The Department of Astronomy 2024-2025 Colloquium Series Presents:

Dr. Joseph Simon, Fellow, University of Colorado, Boulder

Dr. Joseph Simon Dr. Joseph Simon
Dr. Joseph Simon
"Constraining the Life Cycle of Binary Supermassive Black Holes with Multi-Messenger Astrophysics"

Galaxy mergers are a fundamental foundation for much of astrophysics. Mergers are the main driver of hierarchical structure formation over cosmic time explaining the observed demographic changes in galaxies with redshift. Our understanding of the contributions of mergers to these processes, including the stellar mass growth of galaxies, is only as good as our understanding of the merger process. Given that every galaxy appears to host a central supermassive black hole (SMBH), we expect that each merger will result in the formation of a binary SMBH. While galaxy mergers are the birth place of these systems, the nanoHertz gravitational wave background, recently uncovered in pulsar timing array (PTA) data, is the end stage. Understanding the link between the cosmic binary SMBH population and the gravitational radiation detected by PTAs is crucial to our community's capability of making meaningful scientific statements using PTA observations.

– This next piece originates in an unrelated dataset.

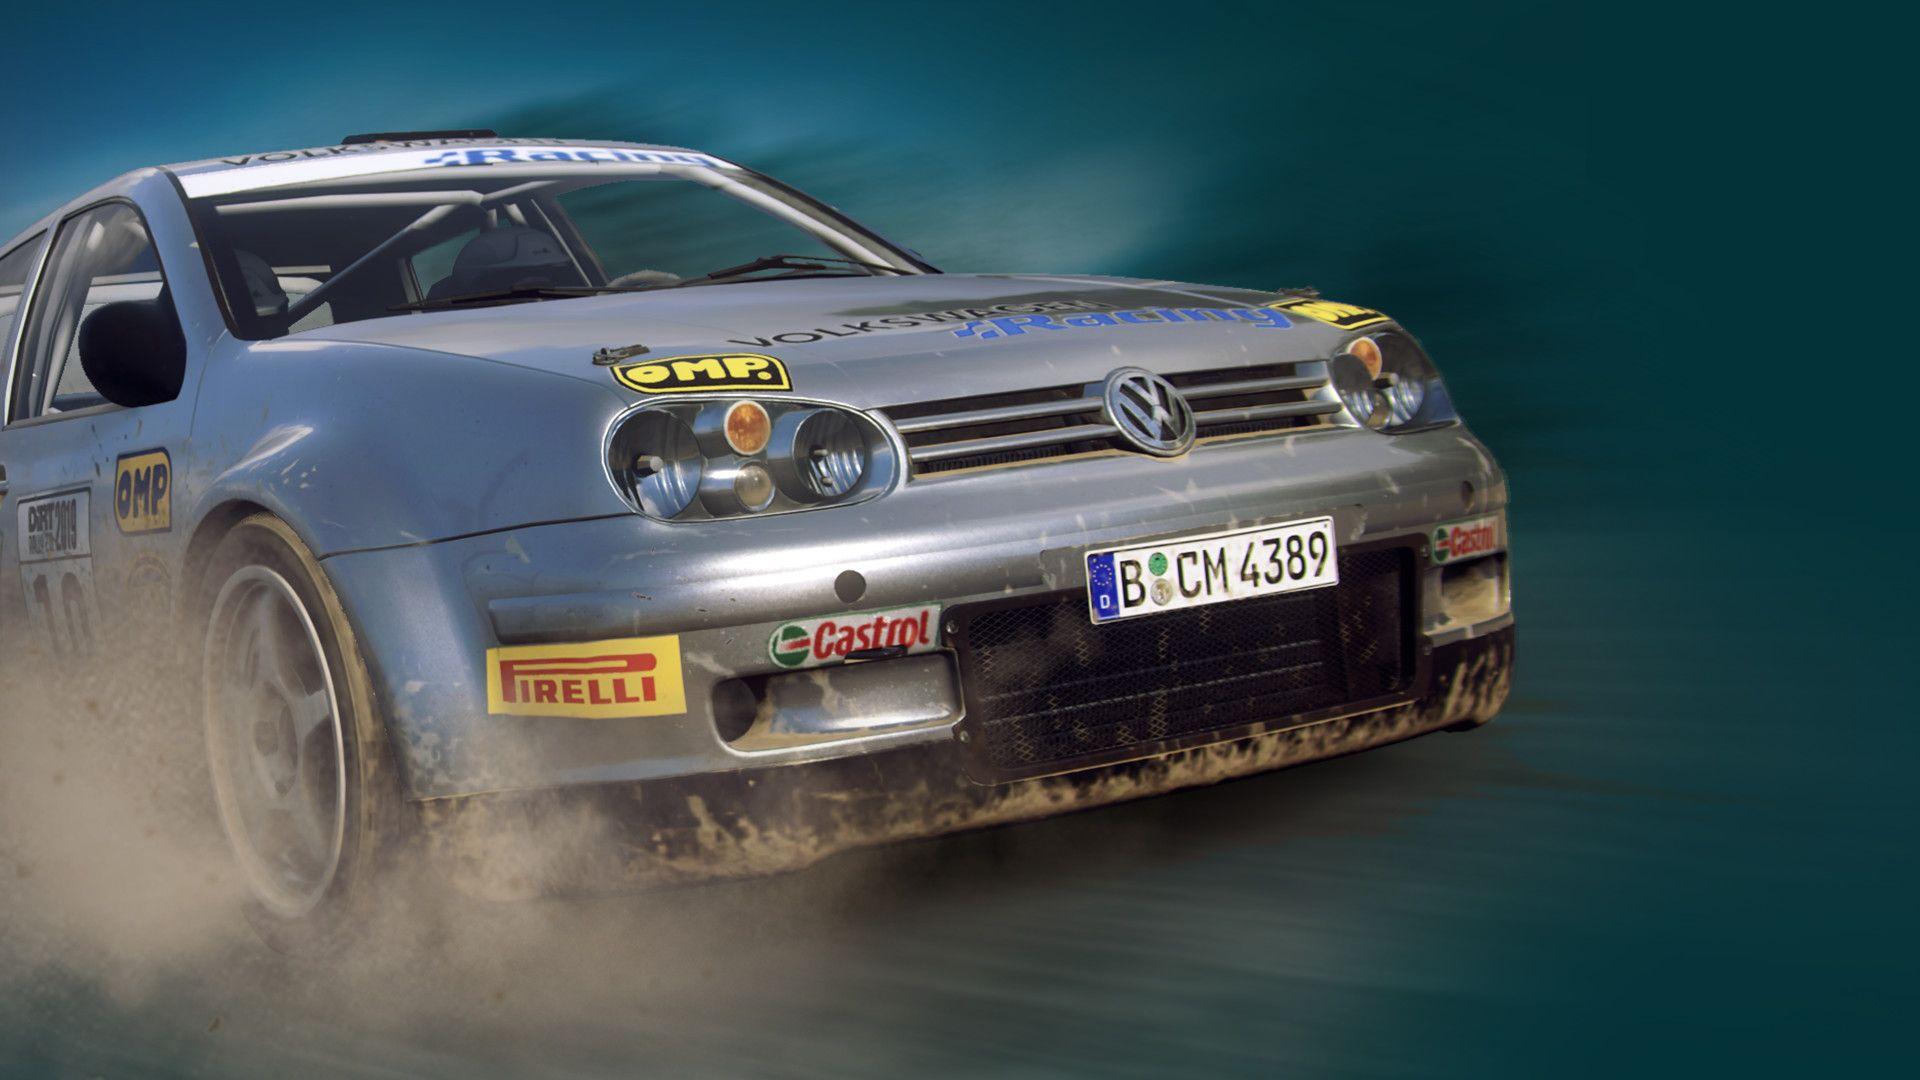 DiRT Rally 2.0 - Volkswagen Golf Kitcar

In this talk, I will cover the entire life cycle of binary SMBHs and my on-going work to stitch various EM & GW observations together to inform many critical open questions in astronomy. I’ll start by covering new work updating the galaxy merger rate in the local Universe. Then I’ll explore different approaches for populating merging galaxies with co-evolving SMBHs in semi-analytic models, highlighting recent results that are in line with the emerging consensus that SMBHs may have been more massive at higher redshifts than previously thought. I’ll also explain PTA observations of the GWB and how this critical detection allows us to constrain the binary SMBH evolution timescale for the first time. Finally, I’ll end by laying out the road forward as we enter an exciting new era for low-frequency multi-messenger astrophysics.